Лишь когда Атлантида почувствовал, что безумно устал и проголодался, он с неохотой поднялся на поверхность. К острову Дальнему он приближаться не стал. Его база будет на двух островках-крохах, тем более что место на карте обозначено где-то рядом. Меж камнями археолог устроил тайник, оставил здесь запасное оружие, регенератор воды и контейнер с питательными таблетками. Отдыхать было некогда. Компенсационная таблетка под язык – ив воду. Его ждали алмазы… Первым делом надо найти то место, что обозначено на самодельной бумажной карте Альфреда. Но координаты его можно было определить лишь приблизительно. Первый день прошел фактически зря – Платон ничего не нашел. Никаких намеков на развалины. Безмолвный мир чудес, но мир живой, где нет ничего интересного для археолога.
Не слишком сладкий сон среди камней, а утром опять в воду…
Вскоре у профессора обнаружились друзья. Две огромные желтые рыбины, похожие на поставленные на ребро диски, дежурили постоянно в глубине, ожидая, когда Атлантида погрузится вновь. Одна, побольше и степенная, годами уже немолодая, другая – поменьше и суетливая. Рыбины ожидали подачки, и Платон каждый раз кидал им кусочки бисквита. За мягкий характер и преданность Платон прозвал рыбину поменьше Плинием Младшим. Ну а ту, огромную, разумеется, – Старшим.
Когда археолог отправлялся на поиски, желтый Плиний Младший непременно плыл следом. Не забывал он почесаться и почистить тело в ближайшем пучке водорослей на склоне шельфа. Когда же Платон включал насос, и со дна поднималось облачко песка и ила, Плиний Младший исчезал. Но вскоре появлялся вновь. Старший был не так назойлив. Побывав на утренней салютации, он вскоре удалялся по своим делам.

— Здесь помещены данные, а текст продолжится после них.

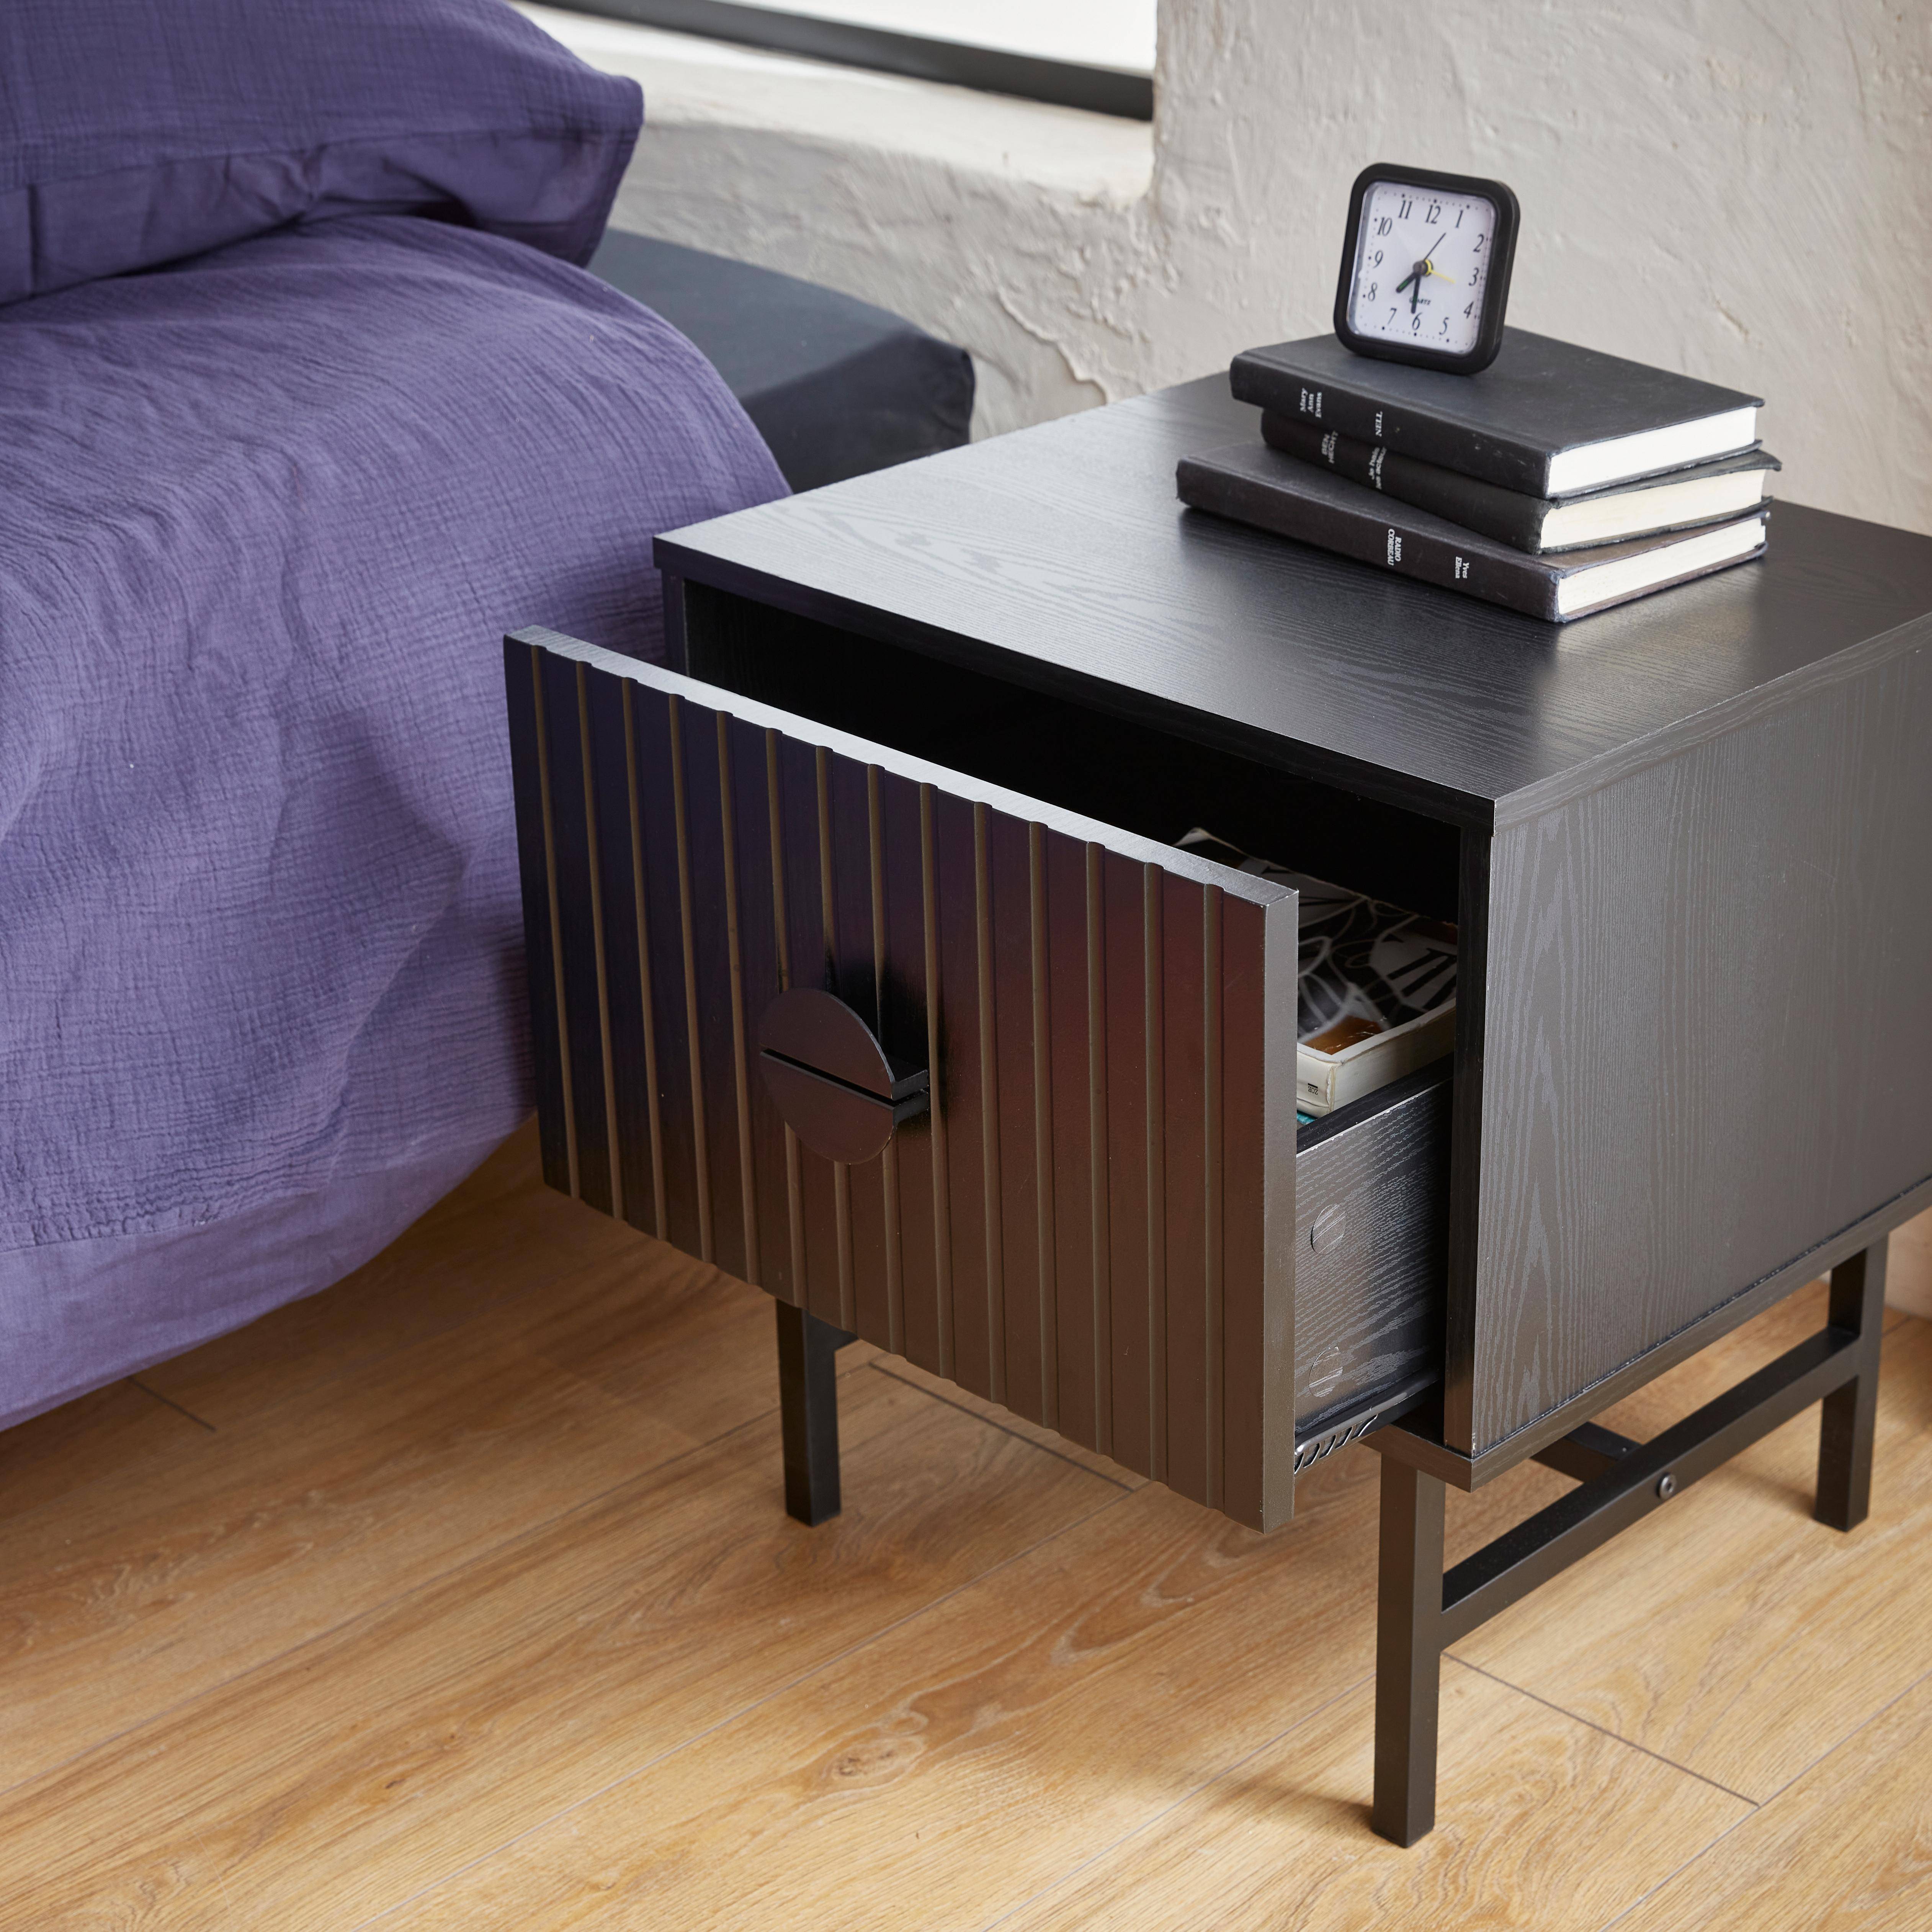 Bedside table with one drawer, ridged effect, industrial style, 48x39x50.3cm - Bazalt - Black Photo2

Именно Плиний Младший и привел археолога на нужное место. Всякий раз, получив подачку, он пытался плыть куда-то, но тут же возвращался, как собака, которая зовет хозяина за собой к какой-то интересной находке – дохлой птице или прошлогодней кости. Платон поначалу не обращал на попытки Плиния Младшего внимания. А потом, обследовав очередной выступ и обнаружив под ним нору местного осьминога, Платон вдруг решил действовать самым невероятным образом: то есть поддаться на уговоры Плиния и последовать за ним.
И Плиний привел его к продолговатому предмету, почти полностью погруженному в песок. Наружу торчал лишь небольшой конус, обросший ракушечником. Поскольку слой был весьма невелик, можно было предположить, что предмет лежит здесь не слишком давно.
Насос убрал часть ракушечника и… Под ним ничего не было. Пустота. Но странная пустота – какая-то студенистая масса, и сквозь ее муть едва угадывалось вдавленное невидимой силой дно. Платон тронул рукой и… ощутил неподатливую плотность. Силовое поле? Но на поверхности силового поля не могут нарастать ракушки! Археолог принялся счищать их дальше, и пальцы нащупали какой-то диск… Что это? Платону хотелось кричать. Но лишь стайка пузырьков весело забулькала, устремляясь вверх. Плиний угадал его волнение и несколько раз проплыл взад и вперед, демонстрируя свое хорошее настроение. Что это может быть? Останки какого-то эгейского корабля? Но корабль-то современный… Археолог вспомнил сочетание «Джи-джиду». Невидимость. Значит, в самом деле говорилось о невидимости, а не об алмазах. Но тогда почему сам Платон нашел алмаз? Или алмаз – это всего лишь случайность? Из тех нелепых случайностей, что так любят сбивать со следа!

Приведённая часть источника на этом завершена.